Elles ne pourront cependant pas être mises en œuvre par une simple décision administrative. Elles nécessiteront des textes de loi, des financements et, pour une modification de la Constitution, une procédure politique particulièrement exigeante.

« Aucun signal ne doit être ignoré »

Pour Sarah El Haïry, l’affaire Lyhanna impose de revoir toute la chaîne de protection des enfants.

« Lorsqu’un enfant est en danger, aucun signal ne doit être ignoré, aucune information ne doit se perdre, aucune institution ne doit agir seule. »

La Haute-commissaire à l’Enfance affirme vouloir placer l’intérêt supérieur de l’enfant avant toute autre considération et considère que la protection des mineurs constitue un véritable choix de société.

Reste désormais à savoir lesquelles de ces vingt propositions seront effectivement retenues par le Premier ministre, dans quels délais et avec quels moyens.

Car les chiffres annoncés montrent autant l’ampleur de la mobilisation que celle du défi : derrière les 85 047 plaintes recensées se trouvent des enfants, des adolescents et parfois des adultes qui attendent depuis des années que leur parole soit entendue, que leur sécurité soit assurée et que la Justice leur réponde.

Les 20 mesures proposées pour mieux protéger les enfants

  1. Créer un service unique de vérification des antécédents des personnes travaillant auprès de mineurs.
  2. Renforcer la formation des enseignants au programme EVAR(S) dès la rentrée 2026.
  3. Renforcer le numéro STOP et expérimenter des structures de prévention du passage à l’acte.
  4. Créer un groupe interministériel d’inspecteurs spécialisé dans les violences faites aux enfants.
  5. Lancer une application nationale gratuite regroupant les services d’urgence et d’écoute.
  6. Rendre obligatoire une formation commune pour les professionnels de l’enfance.
  7. Installer un espace de signalement dans les ENT des collèges et lycées.
  8. Informer les familles lorsqu’un enfant a été exposé à un agent mis en cause.
  9. Développer les unités d’accueil pédiatrique enfants en danger.
  10. Créer un parquet national ou un pôle spécialisé contre la pédocriminalité.
  11. Rendre imprescriptibles les crimes sexuels sur mineurs.
  12. Créer un fichier national de suivi des personnes impliquées dans ces enquêtes.
  13. Garantir une prise en charge psychologique à chaque enfant victime.
  14. Renforcer la prise en charge des mineurs auteurs de violences sexuelles.
  15. Créer un statut national pour les administrateurs ad hoc.
  16. Aménager des tribunaux adaptés aux enfants.
  17. Inscrire l’intérêt supérieur de l’enfant dans la Constitution.
  18. Créer un Code de l’enfance.
  19. Créer un délit d’apologie de la pédocriminalité.
  20. Créer un Conseil des personnes victimes de violences durant leur enfance.
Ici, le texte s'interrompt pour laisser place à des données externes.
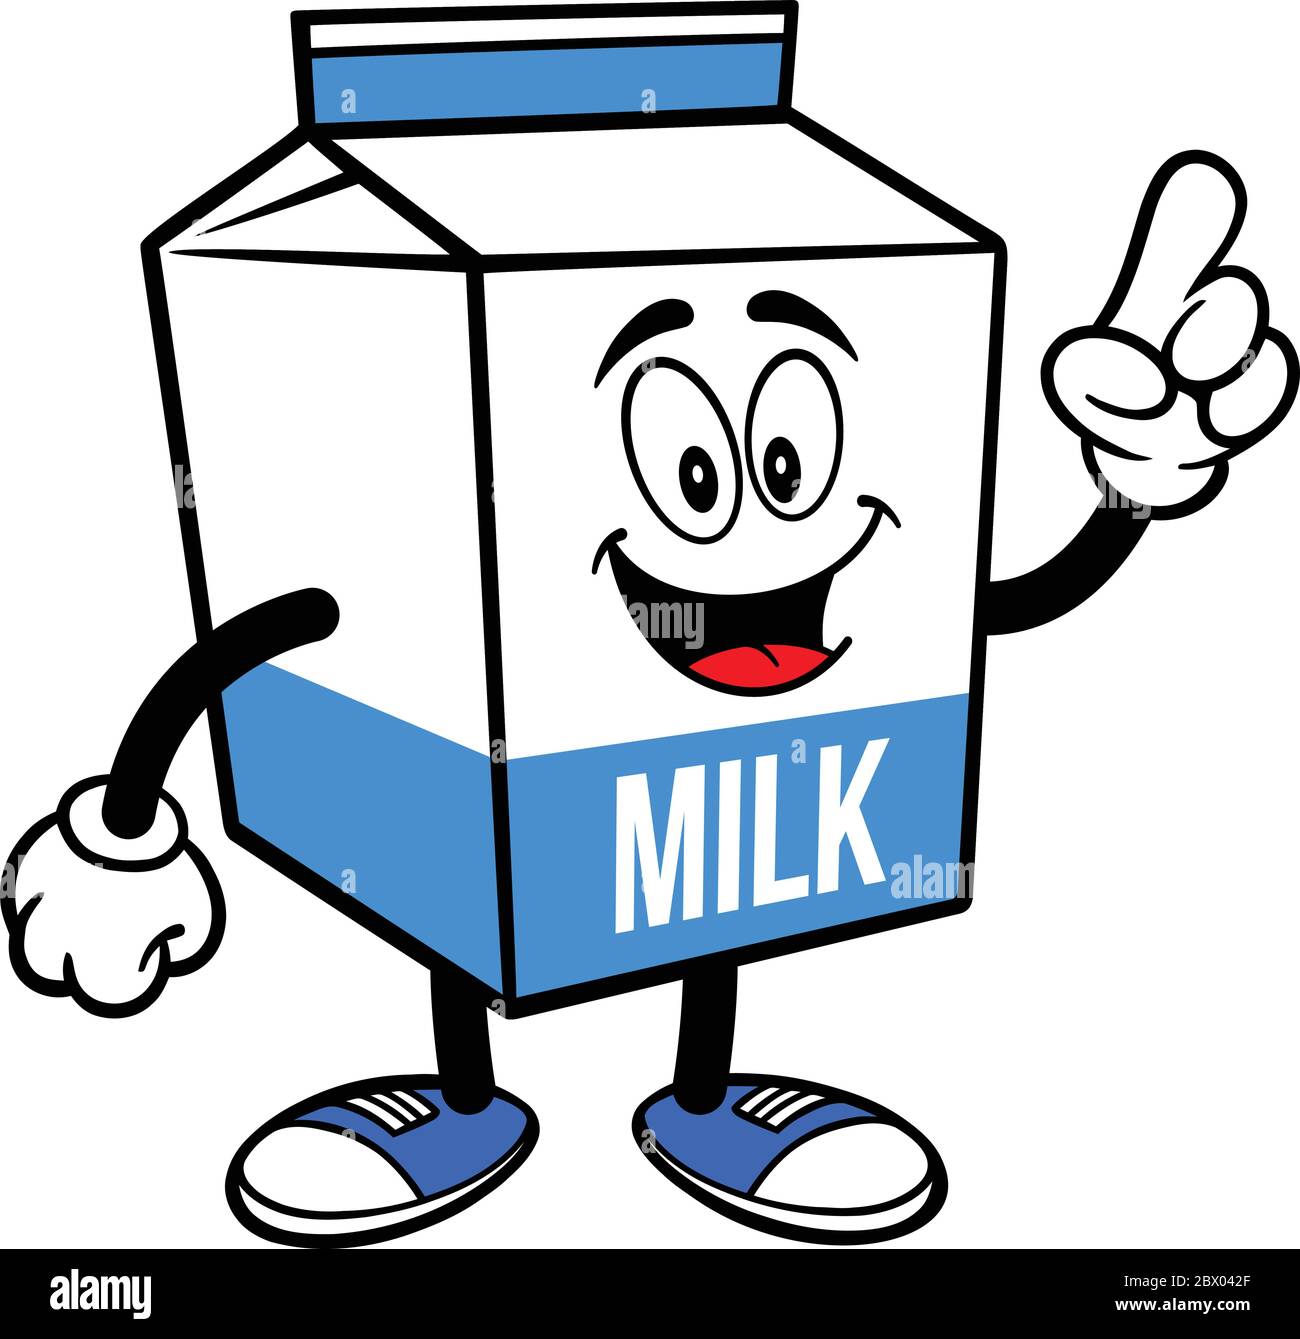 Scatola del latte Mascot Pointing - un cartoon illustrazione di un cartone  del latte Mascot Pointing Immagine e Vettoriale - Alamy

Questions fréquentes sur les mesures contre les violences sexuelles sur mineurs

Combien de plaintes pour violences sexuelles sur mineurs ont été recensées ?

Les procureurs ont recensé 85 047 plaintes sur l’ensemble du territoire. Au 15 juillet 2026, 69 626 dossiers avaient été réexaminés, soit environ 82 % du total.

Pourquoi cette revue nationale a-t-elle été lancée ?

Cette opération a été décidée après l’affaire Lyhanna afin d’identifier rapidement les dossiers les plus sensibles, de mieux protéger les victimes encore mineures et d’accélérer le traitement judiciaire des procédures.

Les vingt mesures sont-elles déjà adoptées ?

Non. Elles ont été remises au Premier ministre par Sarah El Haïry. Certaines pourraient être mises en œuvre rapidement, mais les réformes les plus importantes nécessiteraient une loi, des financements ou une modification de la Constitution.

Que signifie rendre les crimes sexuels sur mineurs imprescriptibles ?

Cela permettrait à une victime de saisir la Justice sans limite de temps. Aujourd’hui, des délais de prescription existent, même s’ils ont déjà été allongés pour tenir compte de la difficulté des victimes à parler.

Qu’est-ce qu’une UAPED ?

Une unité d’accueil pédiatrique enfants en danger est un lieu spécialisé où un enfant victime ou suspecté d’être victime peut être entendu, examiné et accompagné par des professionnels formés, dans un cadre adapté à son âge.